Message par Riposte vitale » 03 avr. 2019, 01:55

uno a écrit : 03 avr. 2019, 01:32
Que cela ne réfute pas le caractère omnivore de l'homme considérant que sa proximité avec la dentition des primates est le reflet de son histoire évolutive et qu'il n'a pas eu à développer une dentition de carnivore car ne chassant et ne tuant pas ses proies avec sa gueule mais avec l'élaboration d'outils.
Ce schéma ne se limite à la dentition. J’imagine que vous réfuterez tous les autres aspects présentés dans cette image et qui vont dans le sens de l'abstract dans cette étude :
https://link.springer.com/chapter/10.10 ... 4-2481-2_8
par cet argument "Oui parce qu'il y a de nombreux millions d'années nous avions acquis des traits de régimes de type herbivores, normal c'était bien avant l'hominisation".

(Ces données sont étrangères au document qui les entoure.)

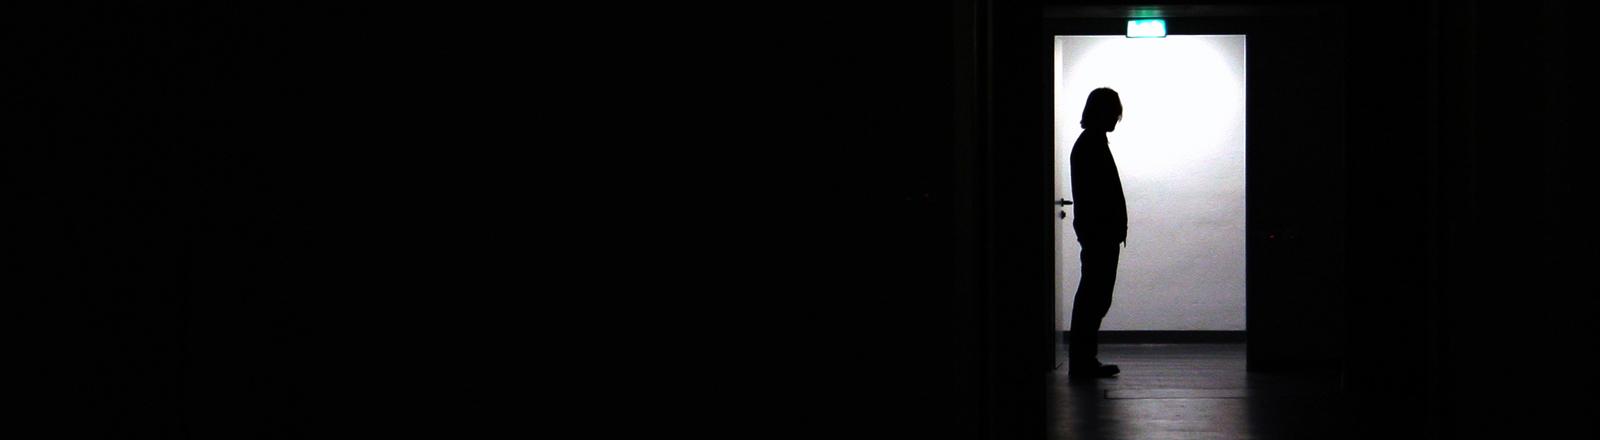 Person steht in der Tür eines dunklen Raums

Vous êtes convaincu. J'ai toujours quelques doutes pour ma part. Donc si je résume nous avons essentiellement une physionomie de frugivore ou d'herbivore mais nous sommes omnivore parce que cela correspond au régime de la dernière et courte période de notre évolution. Ce qui expliquerais pourquoi nous insistons sur le fait de manger des nourritures animales alors qu'en science de la nutrition il a été prouvé que cela n'est pas bénéfique. Pourquoi pas.

Écoutez je veux bien vous donner raison. Je vous le répète je désire infirmer ou confirmer que la communauté sceptique est capable de peer review quand des articles sortent en son nom. Et donc je veux connaitre votre avis sur ce que je considère fallacieux dans le texte d'Acermendax.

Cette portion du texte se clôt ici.